Material provided:
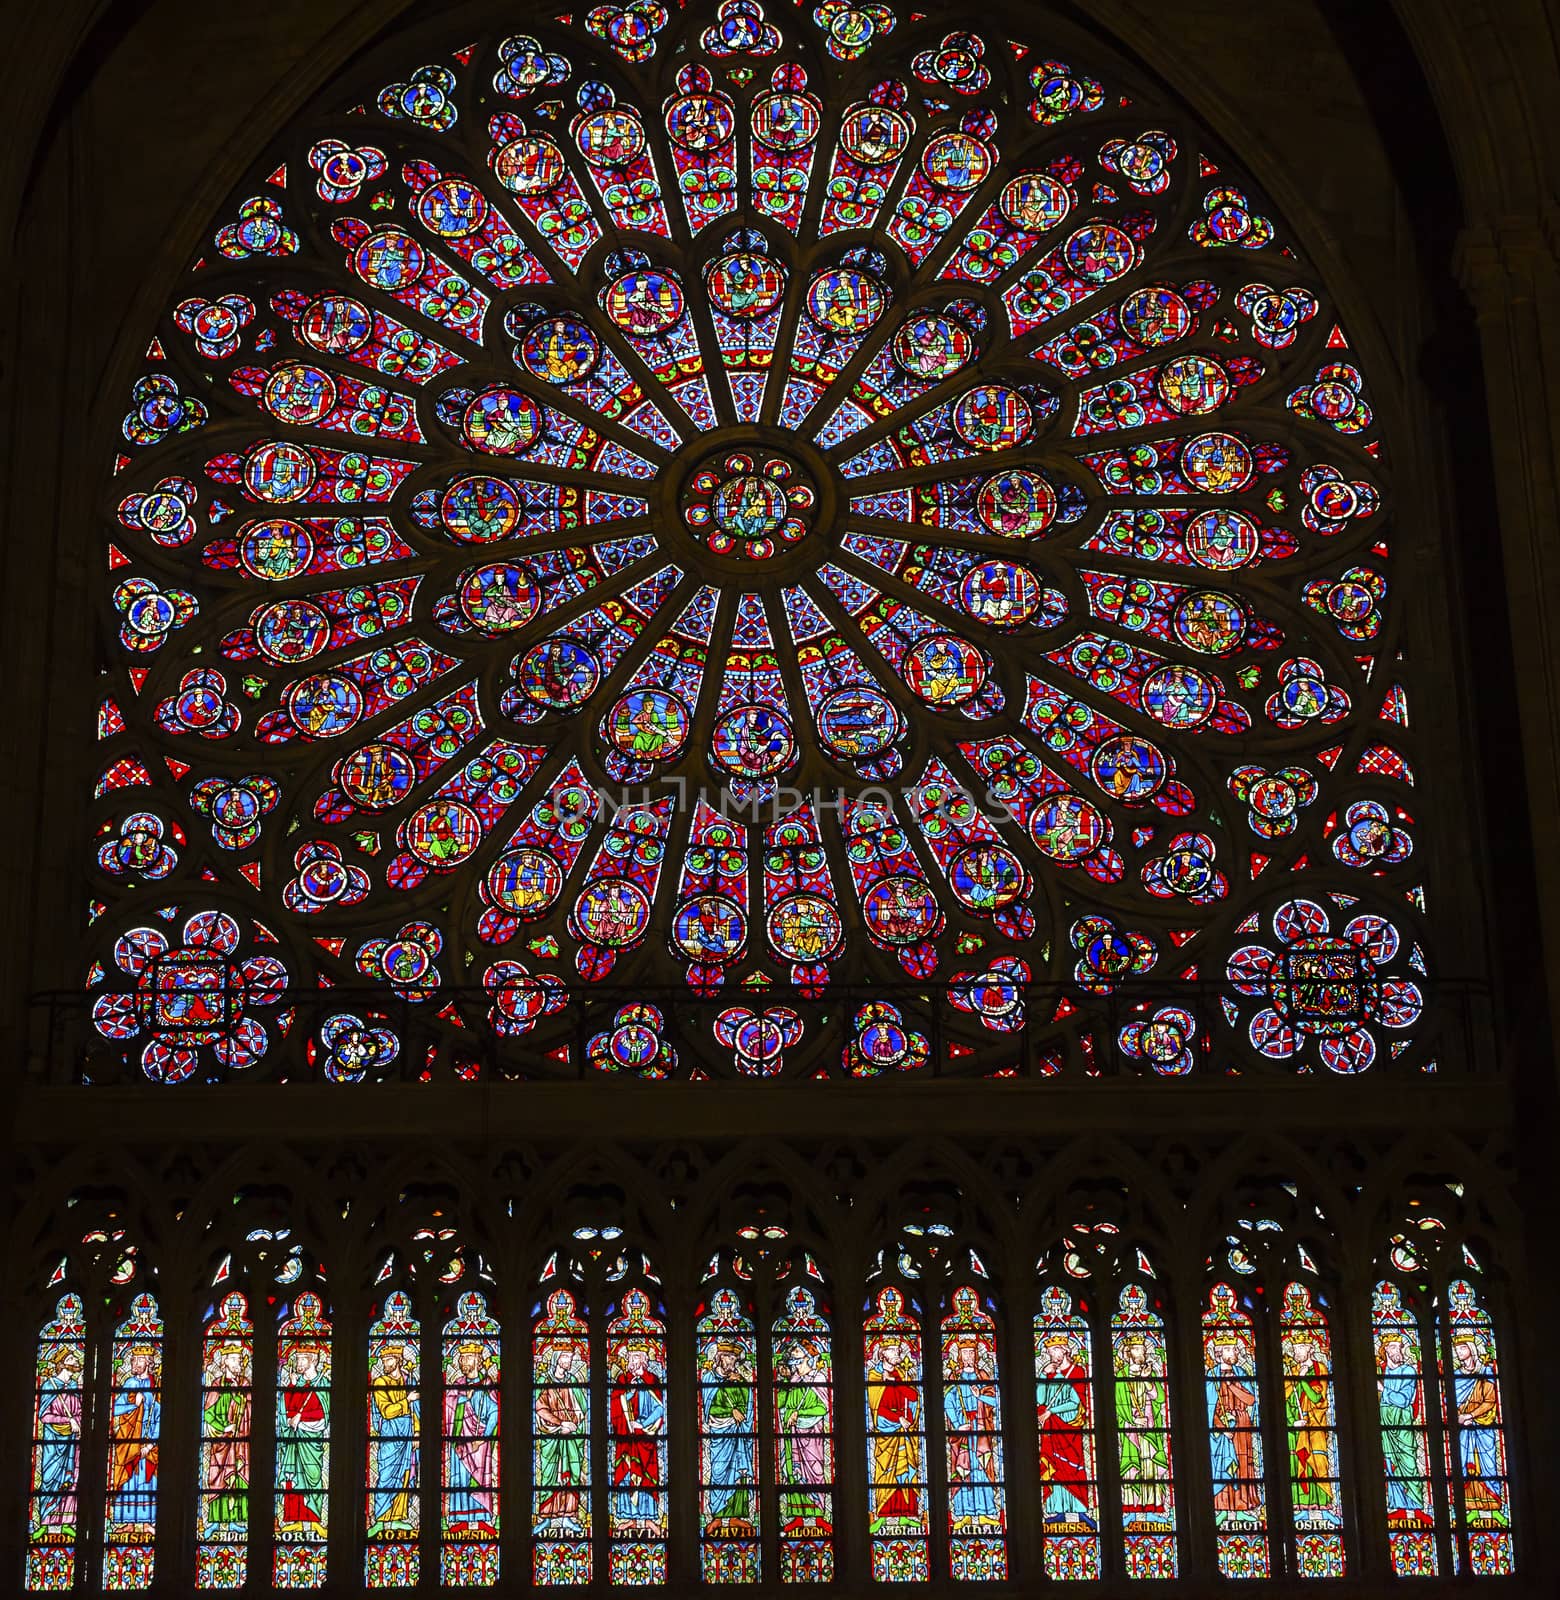 North Rose Window Virgin Mary Jesus Disciples Stained Glass Notre Dame Cathedral Paris France.  Notre Dame was built between 1163 and 1250 AD.  Virgin Mary Rose Window oldest in Notre Dame from 1250.
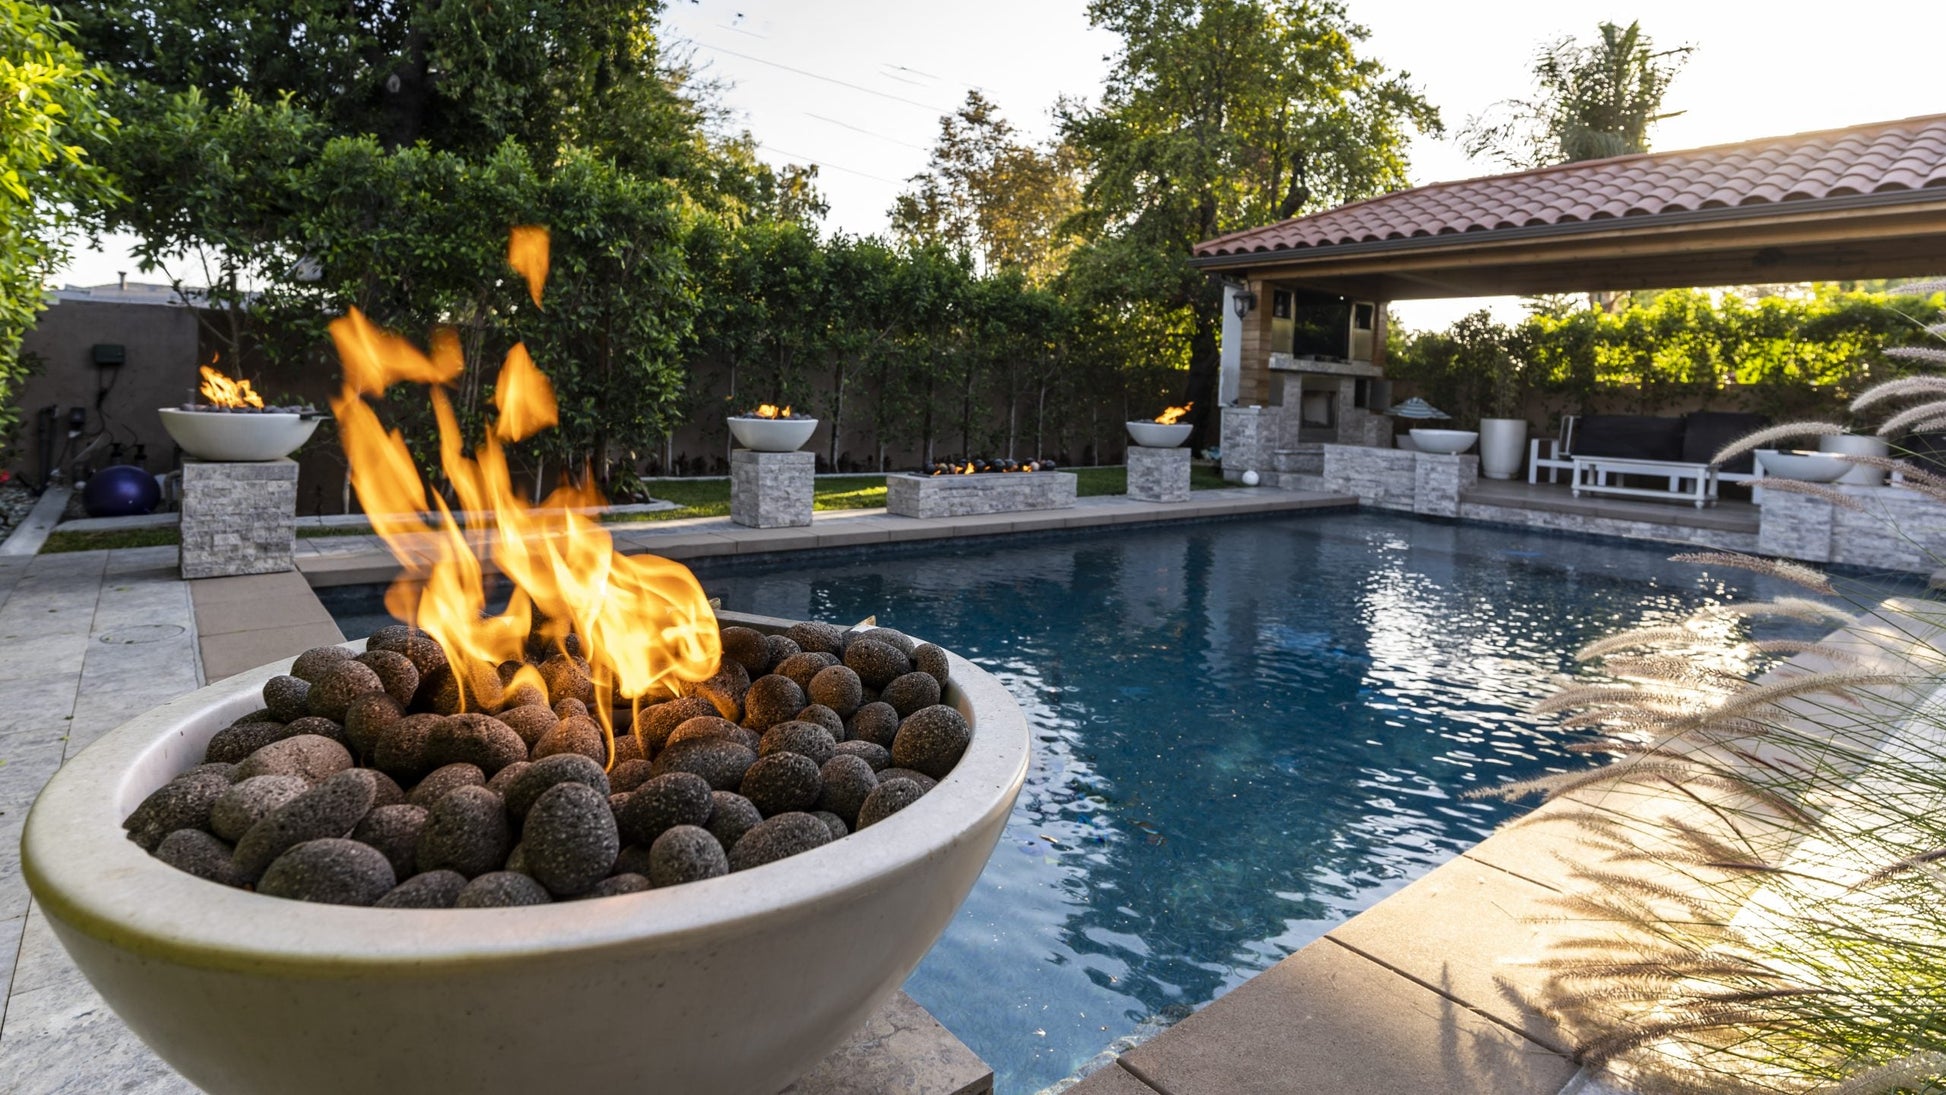 The Outdoor Plus Round Luna 30" Metallic Pearl GFRC Concrete Natural Gas Fire Bowl with Match Lit with Flame Sense Ignition
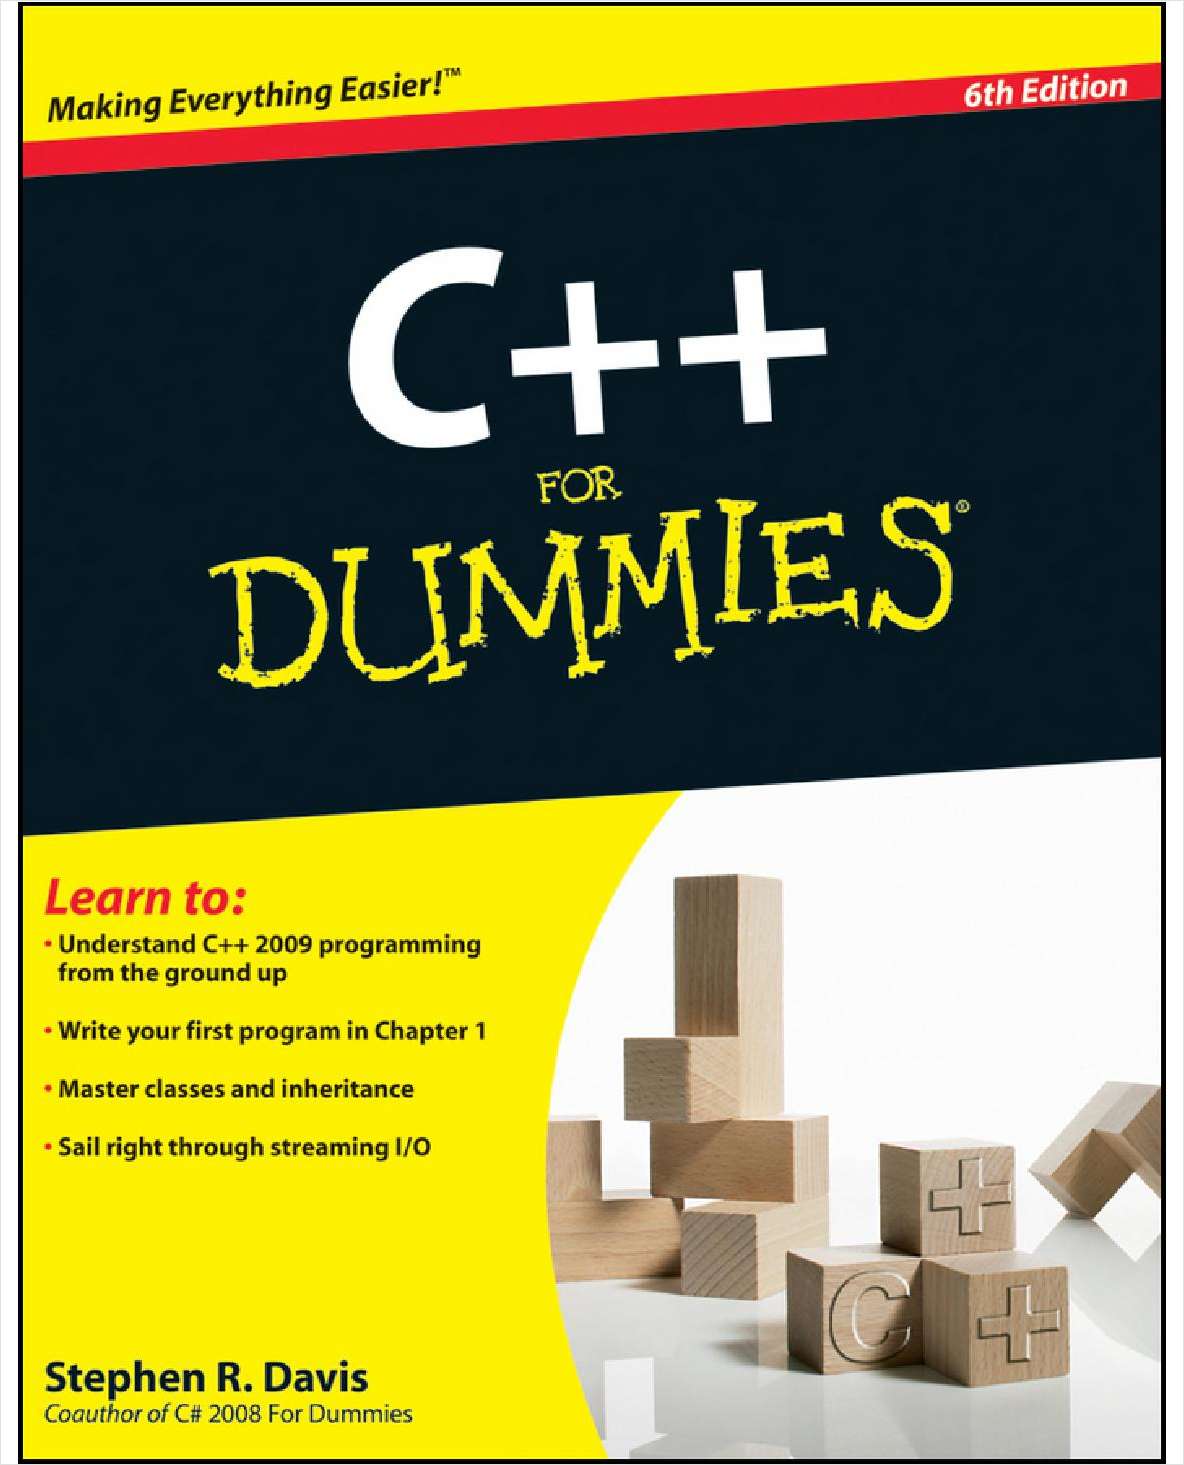 C++ For Dummies--Free Sample Chapters
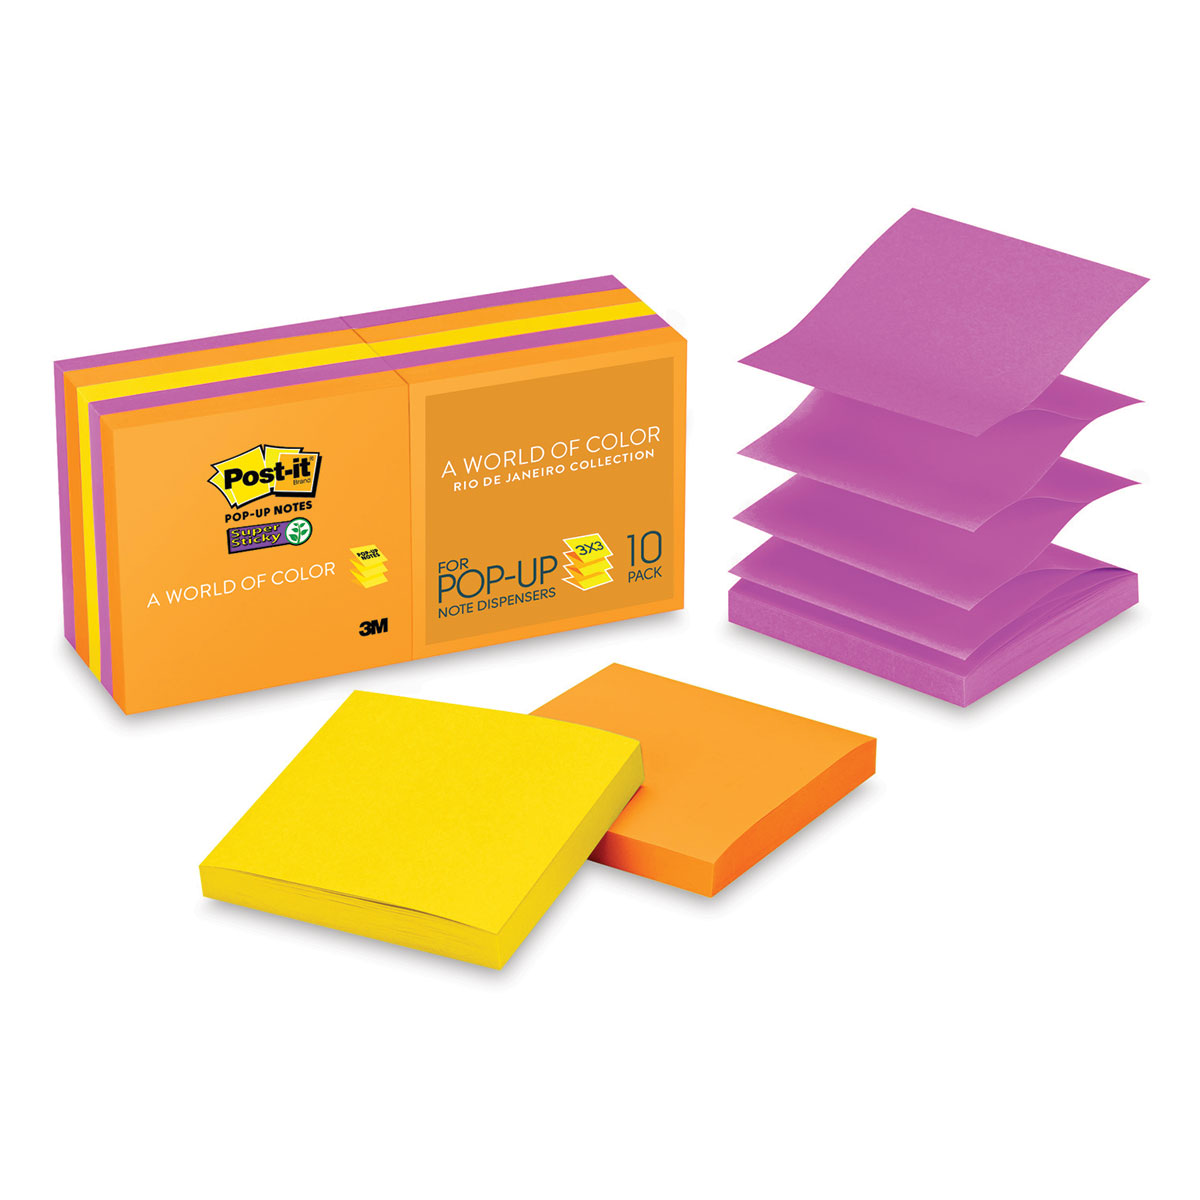 Post-it™ Super Sticky Notes 6845-SSP-1PK 8 in x 6 in Rio de Janeiro  Collection 3M 7010371190

Action item: Transcribe the material exactly, keeping every word and none of the pictures.

Your response:
 North Rose Window Virgin Mary Jesus Disciples Stained Glass Notre Dame Cathedral Paris France.  Notre Dame was built between 1163 and 1250 AD.  Virgin Mary Rose Window oldest in Notre Dame from 1250.
 The Outdoor Plus Round Luna 30" Metallic Pearl GFRC Concrete Natural Gas Fire Bowl with Match Lit with Flame Sense Ignition
 C++ For Dummies--Free Sample Chapters
 Post-it™ Super Sticky Notes 6845-SSP-1PK 8 in x 6 in Rio de Janeiro  Collection 3M 7010371190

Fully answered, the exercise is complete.